What happens when you run 'mecab input.txt'?

Seamoby Wrote:A caveat about the awk command given above, though. It works, but you will lose paragraph formatting. So you might want to use the EOS mark after all if you want to keep paragraph formatting.
This will insert a line break at the end of each sentence:

mecab input.txt | awk '!/^EOS/ && $2 !~ /^記号/ { printf "%s ", $1 } /^EOS/ { printf "\n"}'


Is there a program to put spaces in Japanese Sentences? - nest0r - 2011-06-28

@boy.pockets

Perhaps not something you're interested in, but my solution for this in the past, while dissing the Listen-Read method and promoting the possibilities for @balloonguy's tool, which I call Kage Shibari (keep in mind subs2srs supports such files now so you can turn the interactive audiobooks into Anki cards), is to have the sentence translations in mouseover popups, because I think marginal/parallel/aligned stuff is inferior to hypertext style integrations where you maintain uninterrupted reading as much as possible.

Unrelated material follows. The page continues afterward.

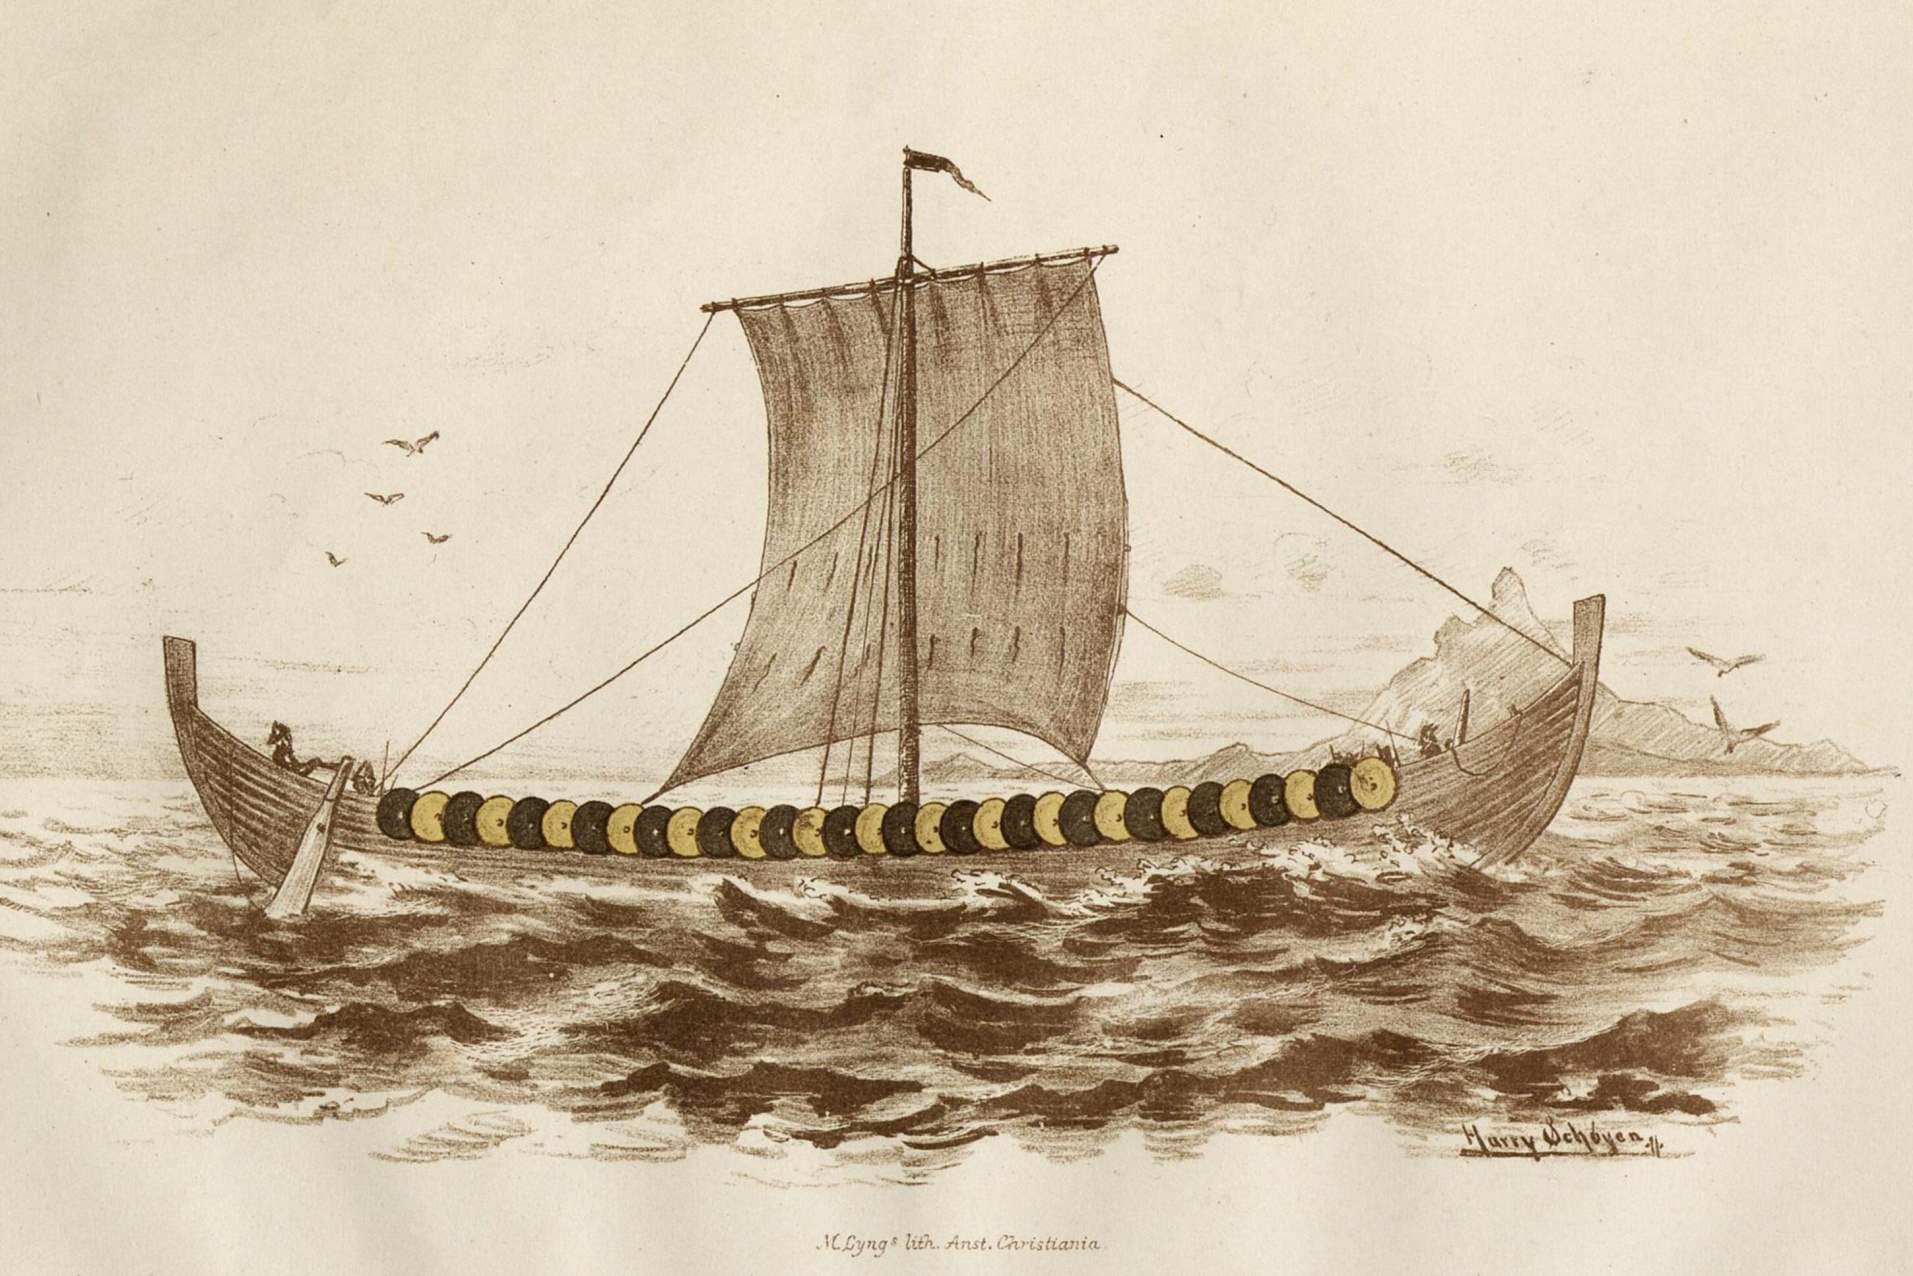 Реконструкция длинного корабля Гокстад из публикации Николайсена 1882 года. Рисунок Гарри Шойена.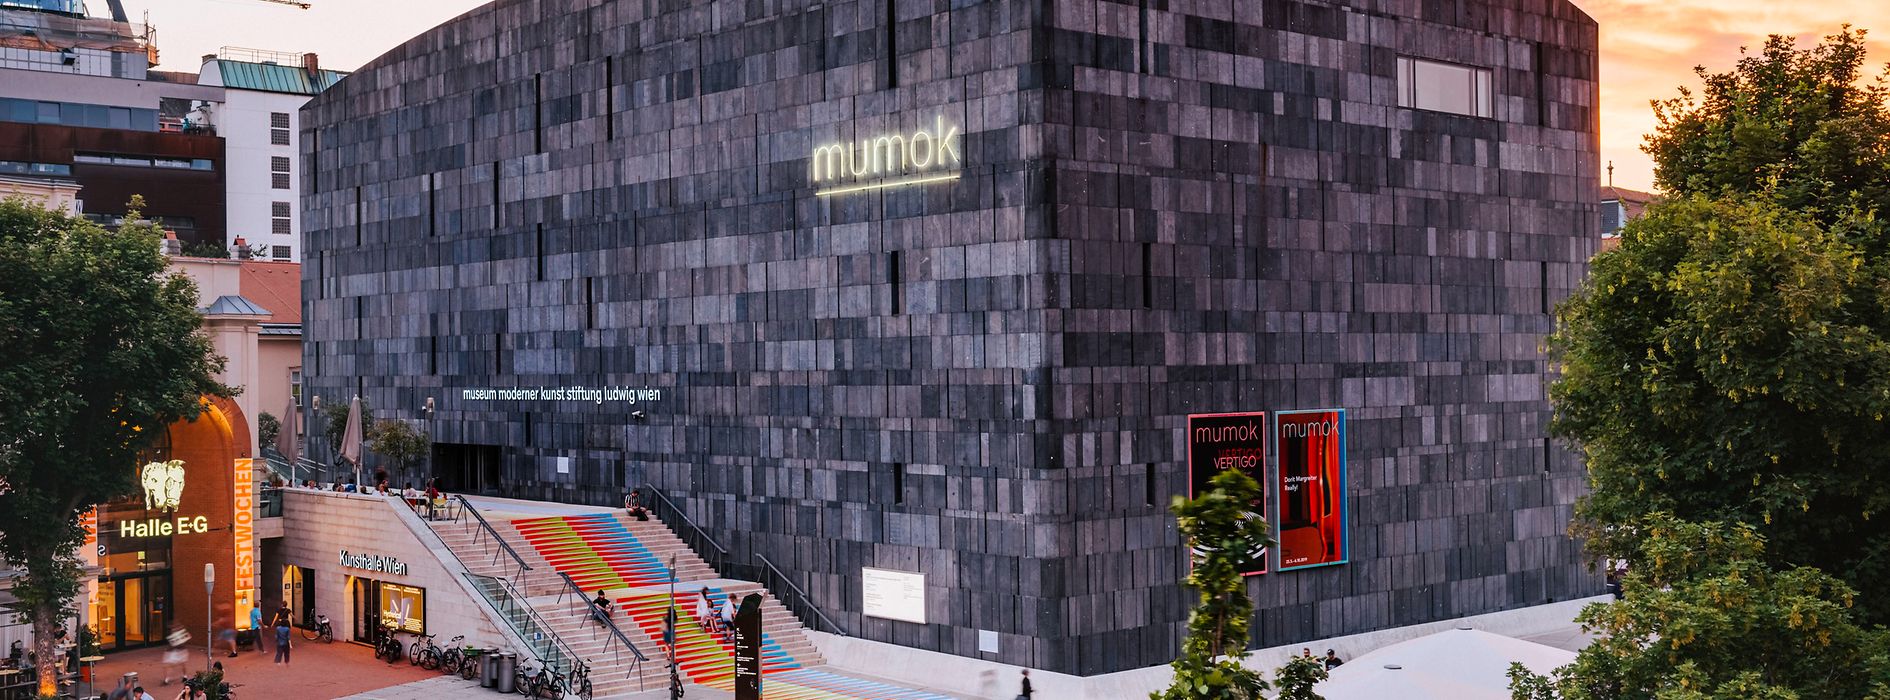 mumok, Музей современного искусства, вид снаружи, Музейный квартал

I feel there's a way to do this as an extra layer in addition to the individual words, where alignment precision can be coarser and more flexible... something where the choice of mouseover location or an extra navigational function can increase the span or whathaveyou to compensate for the slight length differences.

Edit 3: For example, you could put a popup trigger (perhaps just an alt thingy?) every significant punctuation element in the Japanese sentence, then have the contents be the translation which would contain a minimum of 2-3 sentences/sections? And you could have those overlap, perhaps, with the next popup element containing the last part of the one before it, etc.

I also think Google Translate's on to something there in the way you can mouseover and it has the items linked, but that's still parallel, and with machine translations they generate.

At any rate, if you want to be roundabout regarding space insertions, see my last post in the JNovel Formatter thread and MorphMan threads.

Edit: Although parallel concordancing seems interesting, but I'm still reading up on that.

Edit 2: I didn't put the regexp process in that JNF post, but the idea is, you take the list MorphMan gives you and replace the line breaks with |, add a parenthesis to the beginning of the first word and the end of the last word, and use the resulting (Word|Word|Word) as your Find and Replace with spaces around the backslash1 (can't get that to show up properly but you know what I mean). Or maybe just an initial space would be better.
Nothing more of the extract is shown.